::: INPUT DATA :::

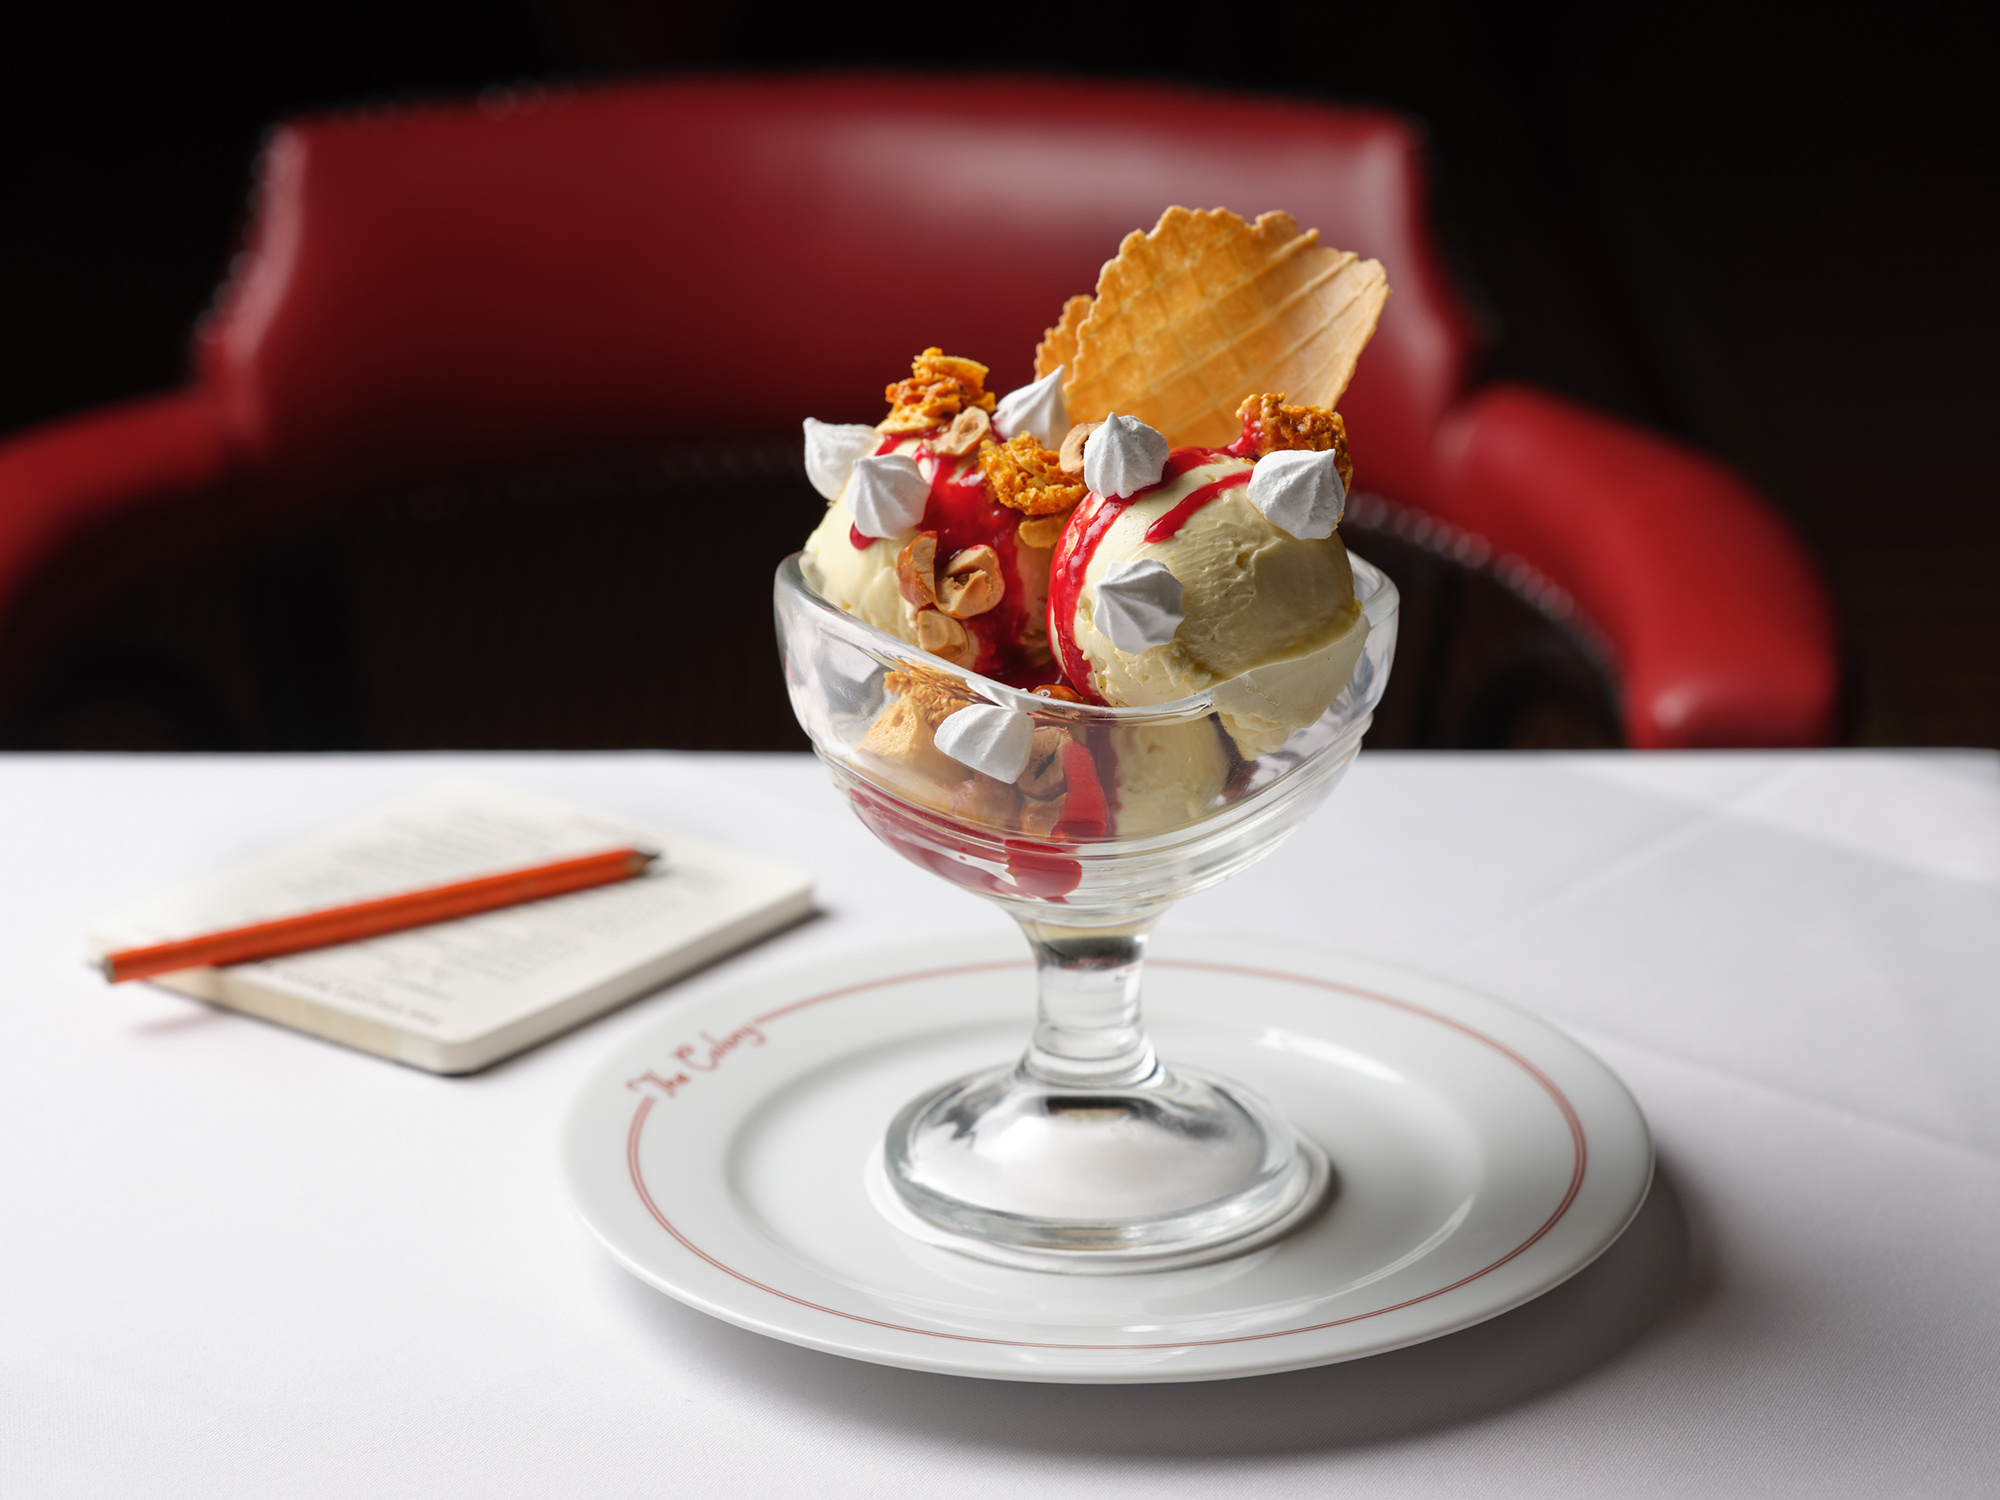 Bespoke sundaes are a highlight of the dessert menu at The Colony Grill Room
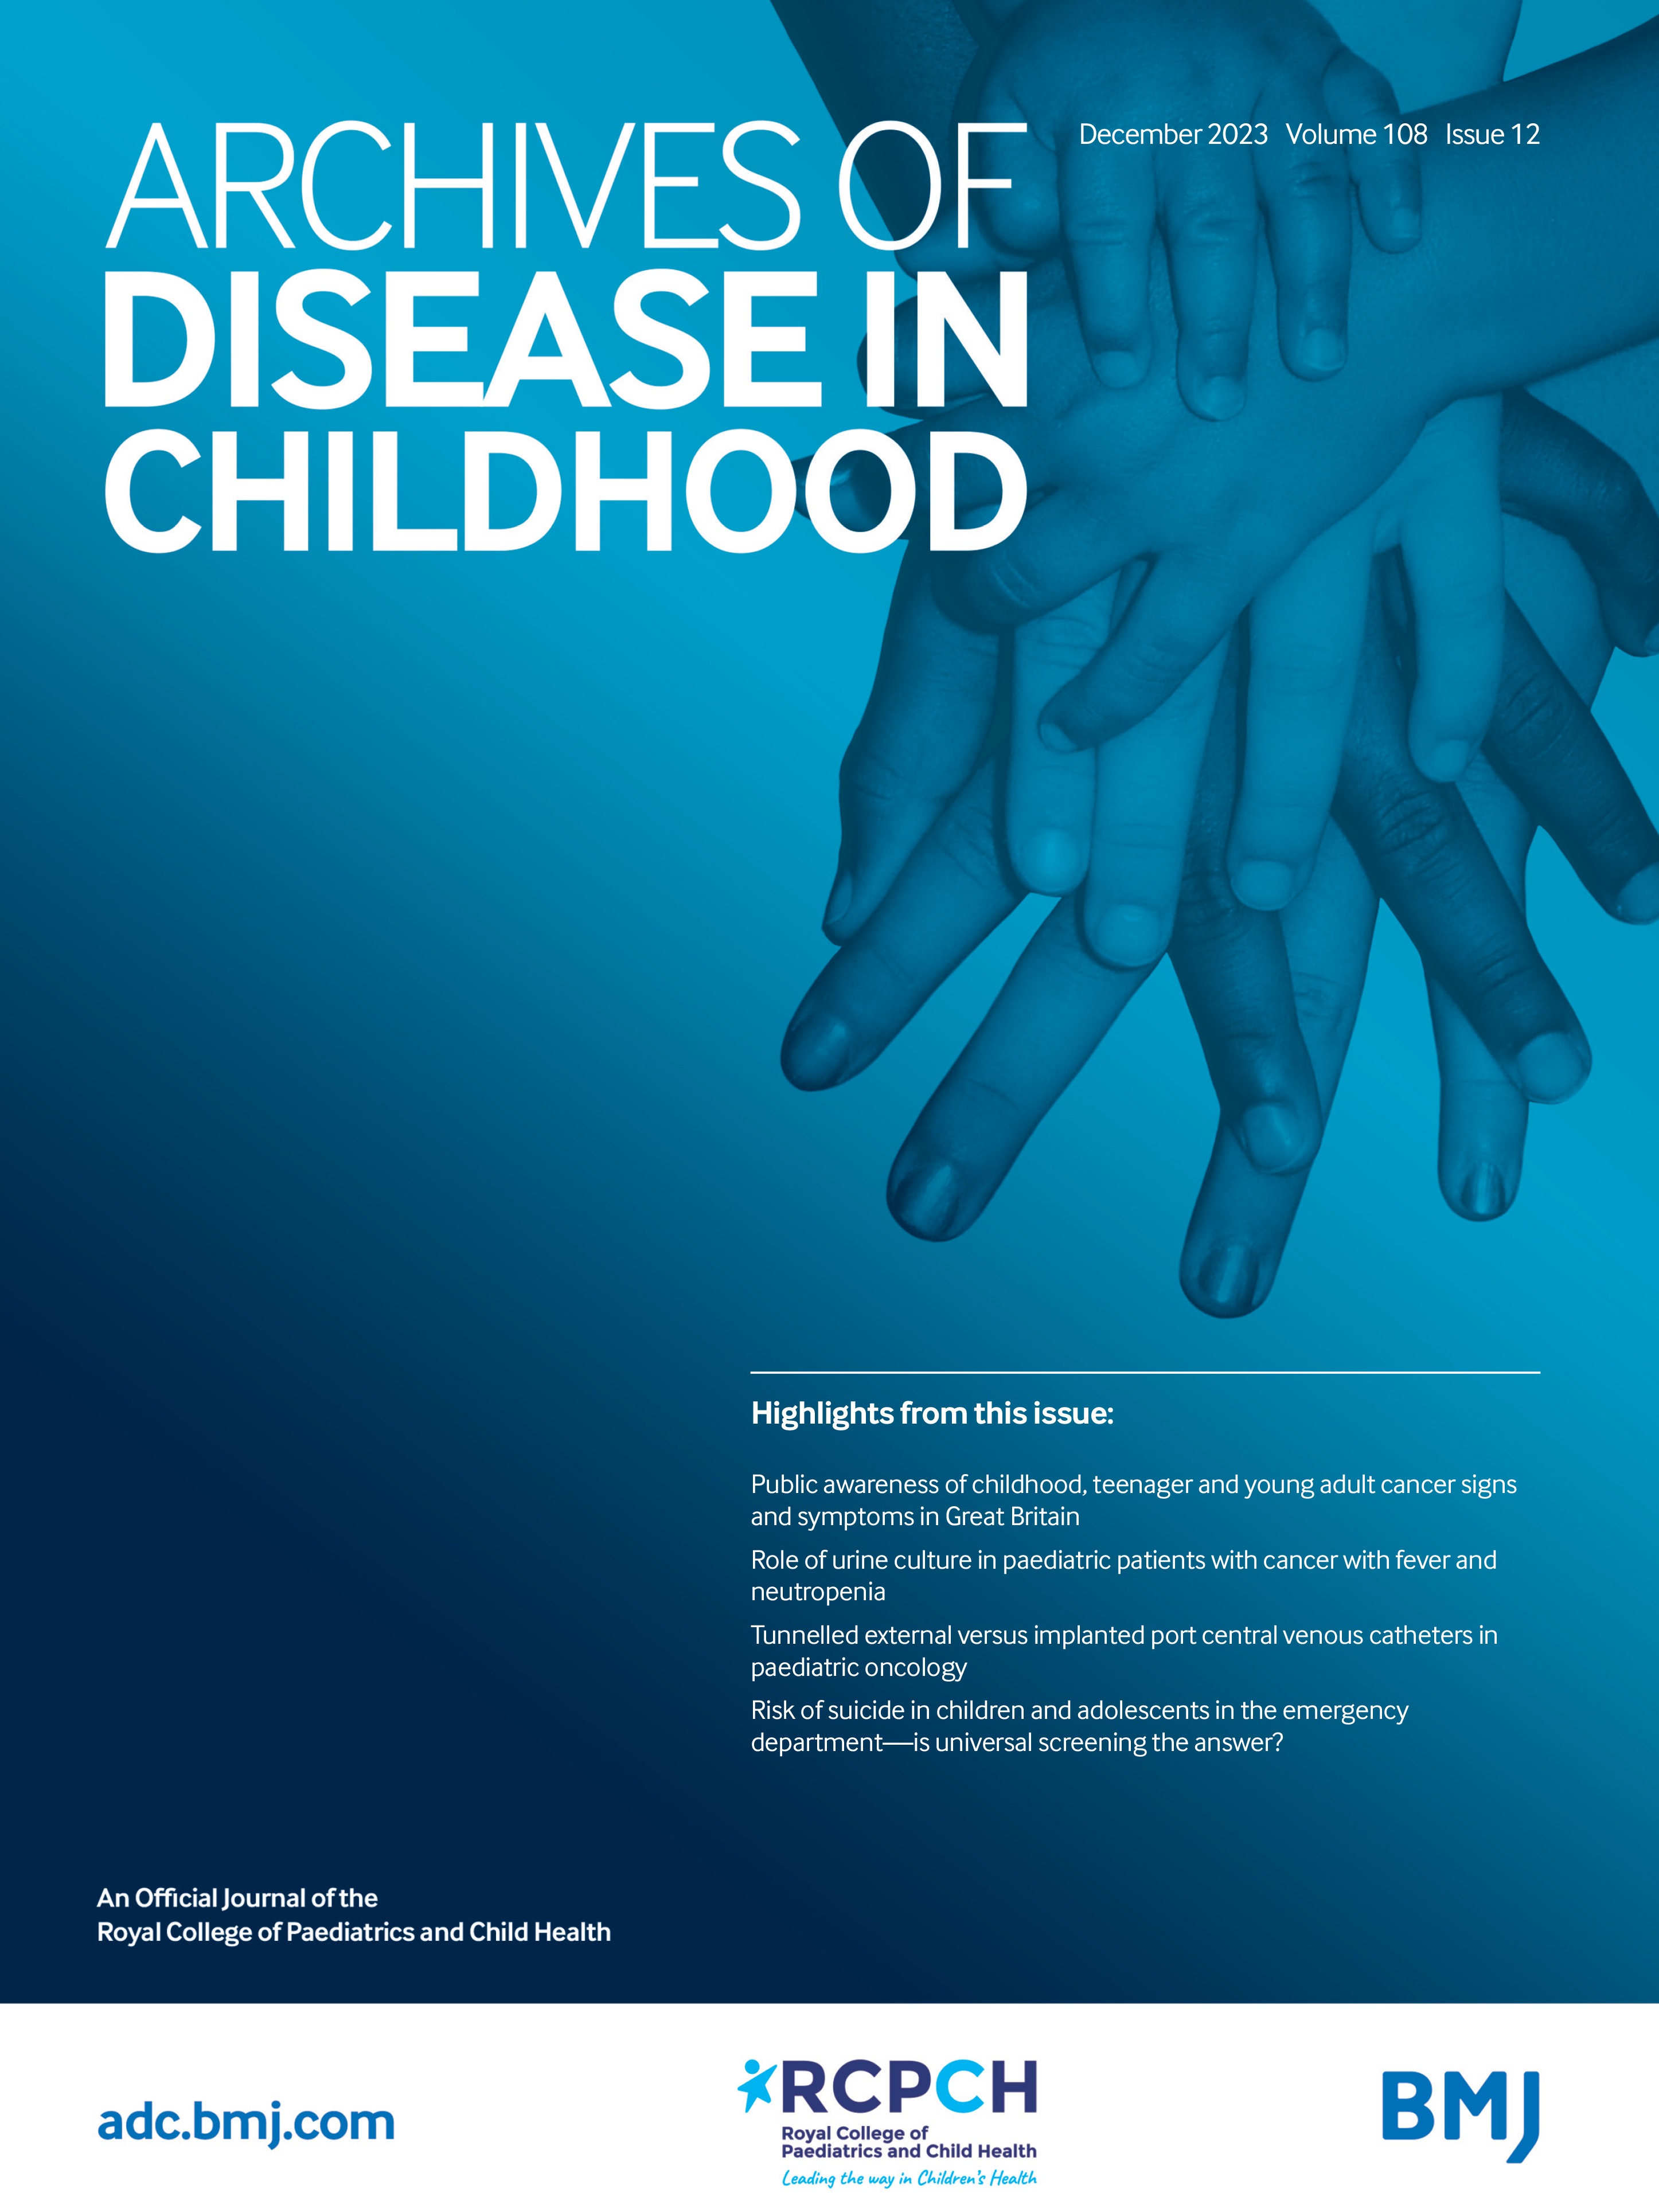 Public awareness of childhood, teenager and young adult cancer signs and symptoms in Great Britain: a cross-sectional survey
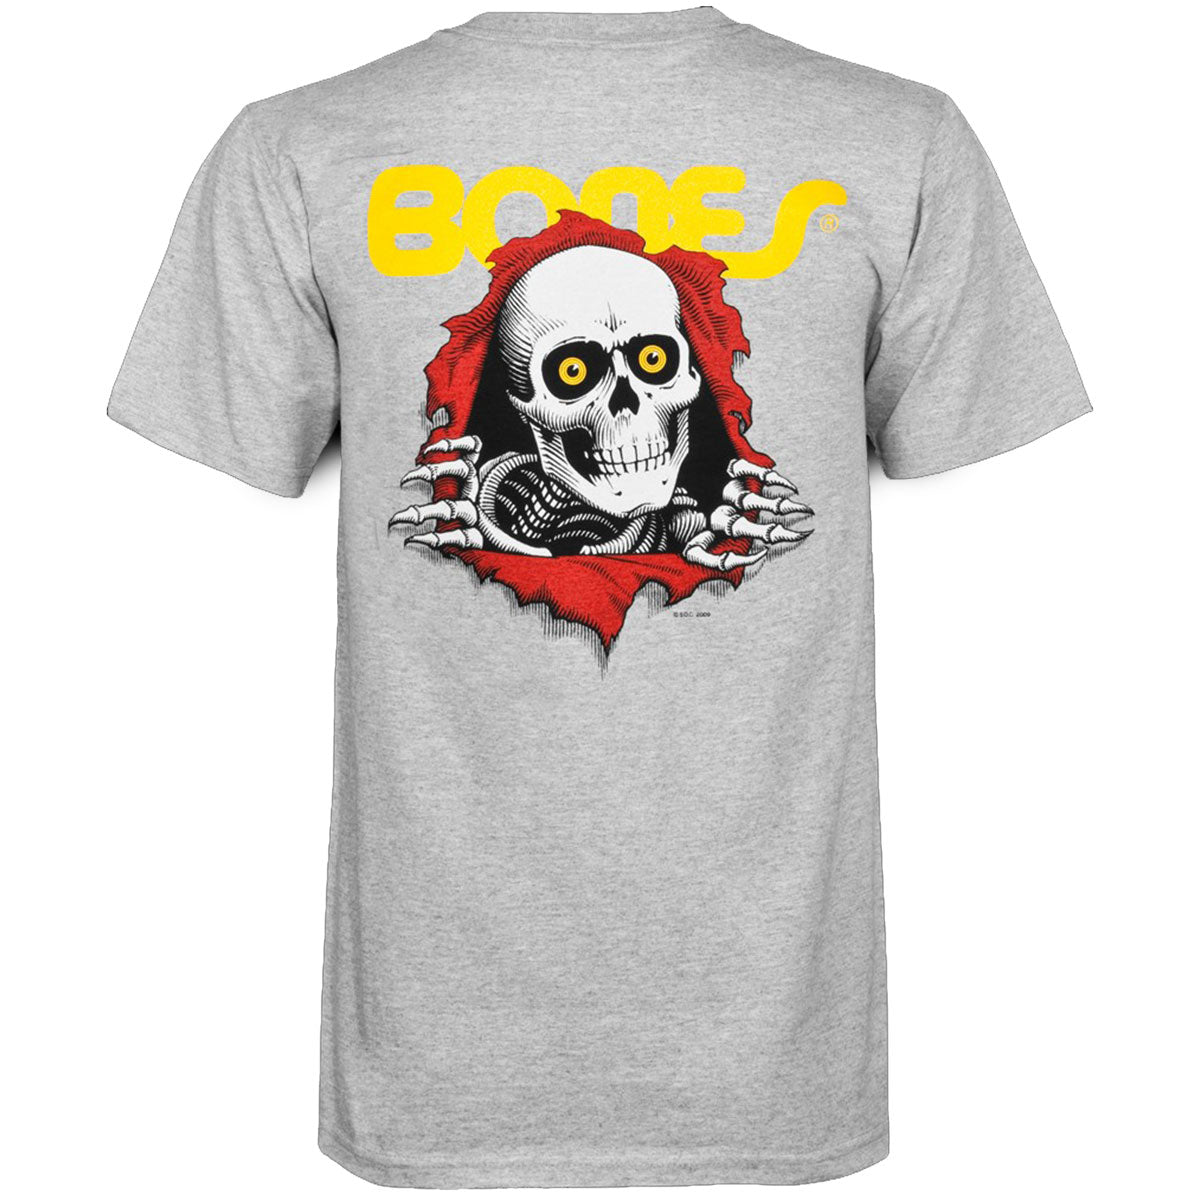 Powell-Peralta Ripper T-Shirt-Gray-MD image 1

:::

In the listing above, transcribe exactly the lines from the line containing "Public awareness of" through the last one, both included, but not the pictures.

#### EXERCISE ANSWER:
 Public awareness of childhood, teenager and young adult cancer signs and symptoms in Great Britain: a cross-sectional survey
 Powell-Peralta Ripper T-Shirt-Gray-MD image 1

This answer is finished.